Further, the classifier used by the closed loop control module 5 to construct the three-stage serial processor is obtained by Real AdaBoost algorithm based on the criteria that minimizes the loss function in the positive and negative sample sets in the training set. Wherein classifier c i The method comprises the steps of outputting one value when the corresponding characteristic value f of the signal is larger than a threshold value theta, and outputting the other value otherwise. The piecewise function and the threshold value output by the classifier are obtained by training the acquired electroencephalogram signals.
The first stage processor is a strong classifier, and H (x) is obtained through training of a Real AdaBoost algorithm.
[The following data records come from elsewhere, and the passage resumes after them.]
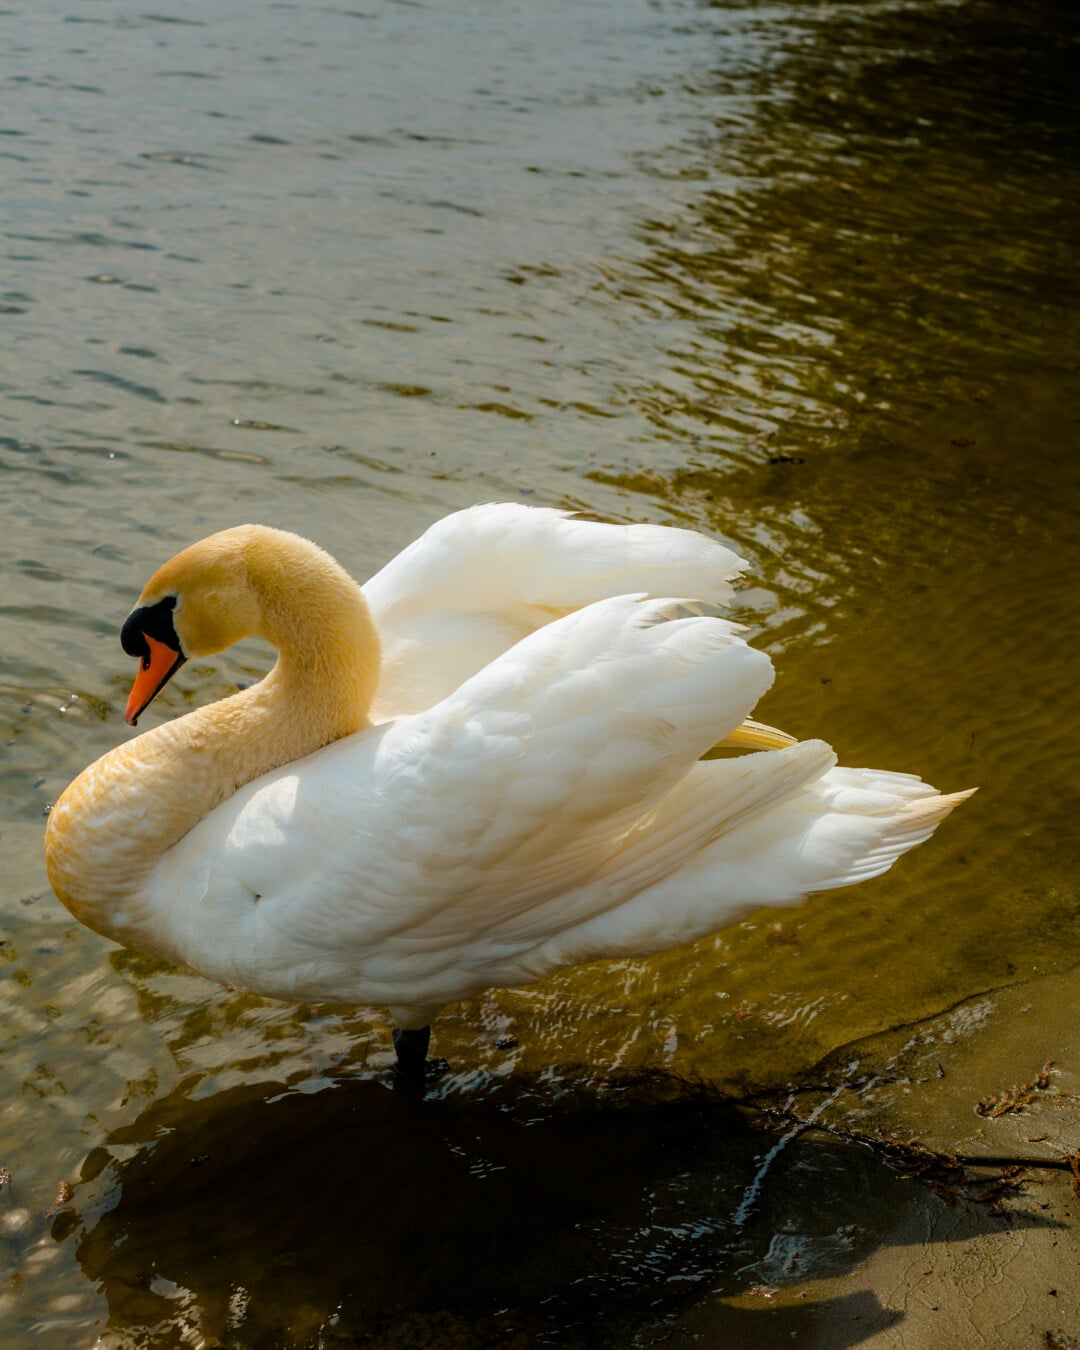 Schwan, Anmut, Hals, Seitenansicht, Natur, Vogel, Wasservögel, Wasser, See, aquatische Vogel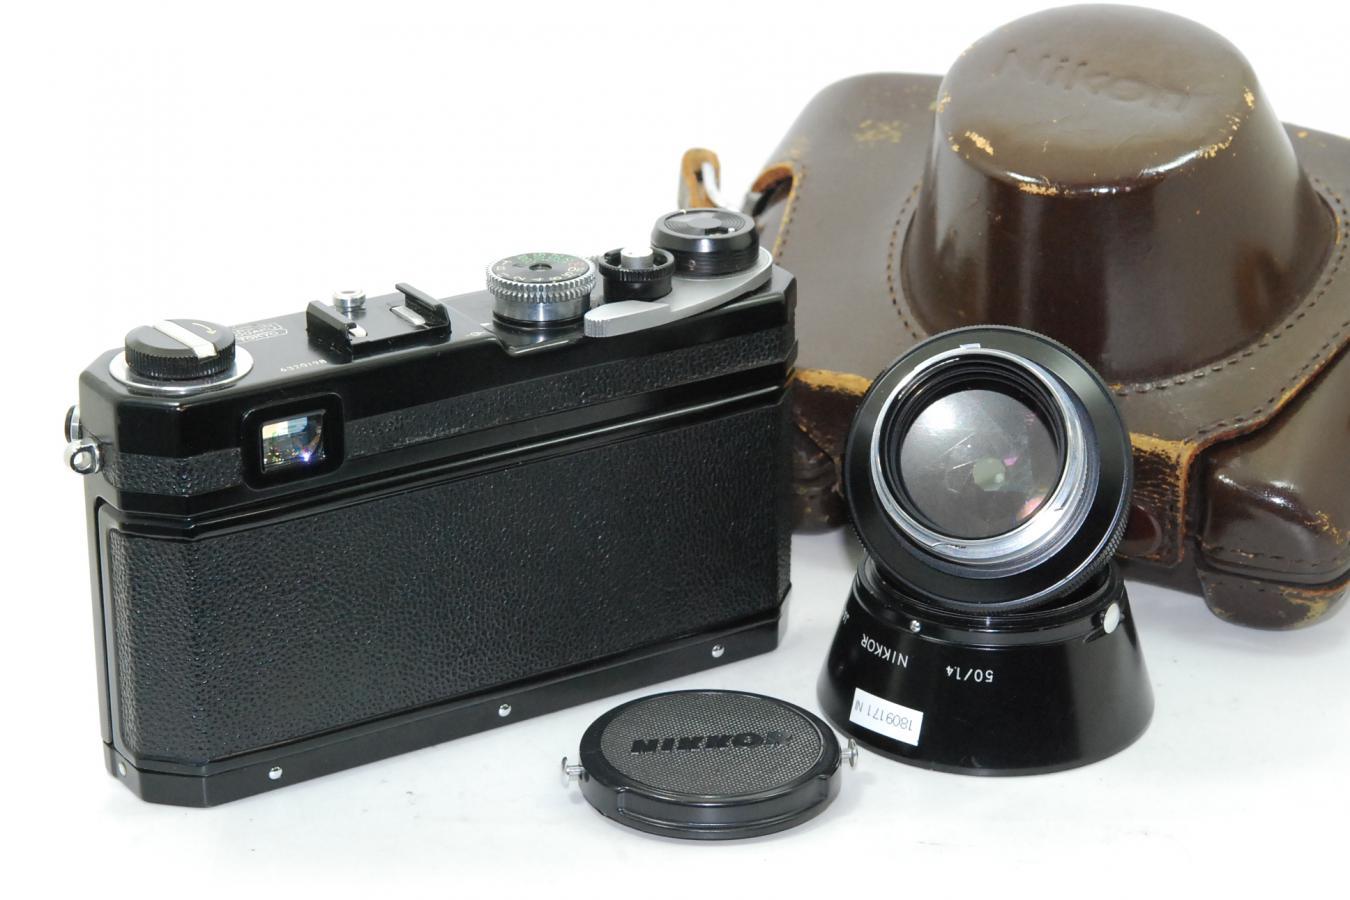 【コレクション向け】 Nikon S3 オリンピック 50/1.4付 【純正ケース、フード付】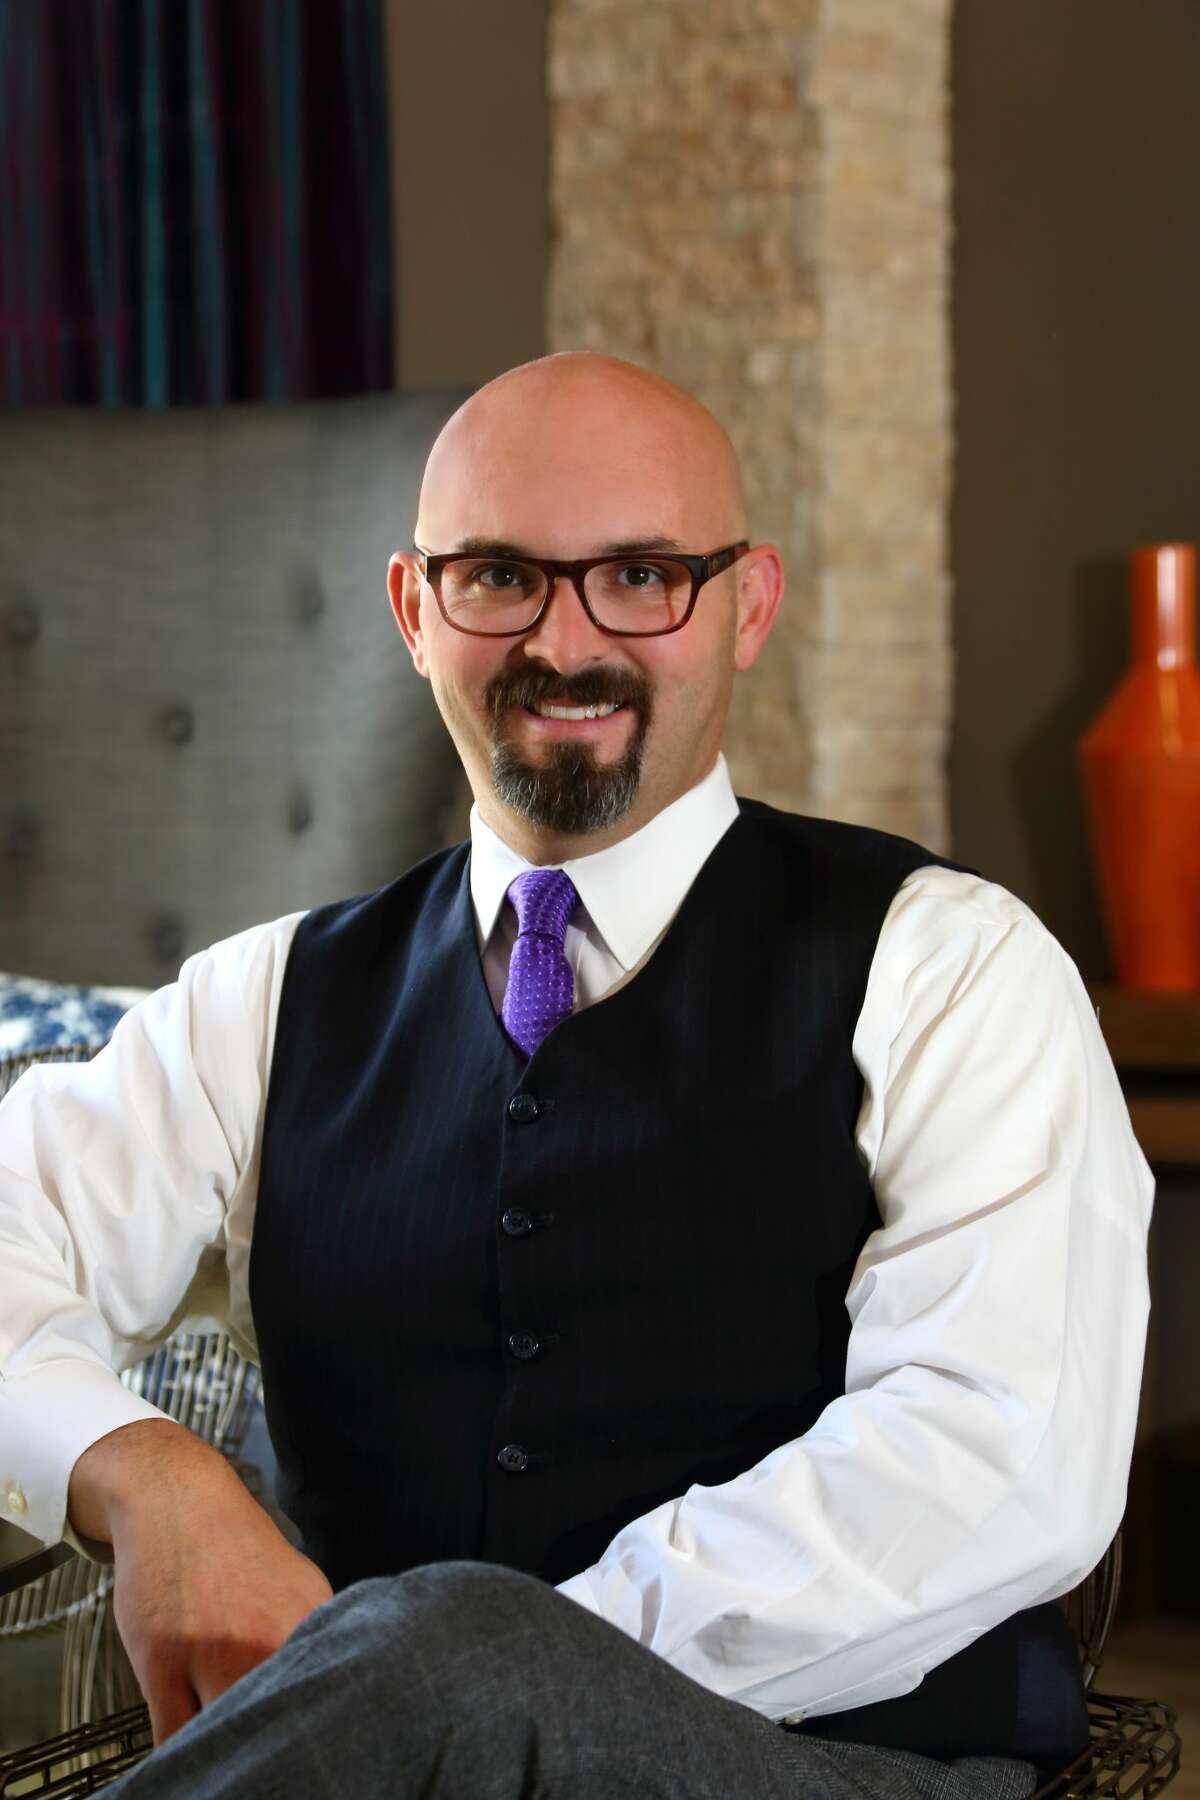 John Trischitti III,District 5 candidate

Classifier c used in the first stage i And the corresponding small calculated quantity features such as amplitude values, frequency spectrums and the like of different rhythms after frequency division are beneficial to the rapid screening of suspected abnormal AD signals.
H(x)=∑a=1,…na (2)
The second-stage processor further decomposes the signals subjected to rapid screening by adopting an MVMD method, extracts time domain features and nonlinear dynamic features of the signals from signal components obtained by decomposition, combines the signal components to construct a new signal matrix, and extracts spatial features of the signal matrix by adopting CSP.
Signal decomposition: the MVMD method achieves a change from a single channel input signal to a multi-channel input signal, and can keep the frequency of each IMF component the same when decomposing data. The components obtained by decomposition are taken as the input of an iterator, the center frequency and the bandwidth are taken as the updating targets of the iterator, and the output of the iterator is the k components. Assuming that the signal of the C sampling channels is X (t), it can be expressed in mathematical form as [ X ] 1 (t),x 2 (t),…x C (t)]。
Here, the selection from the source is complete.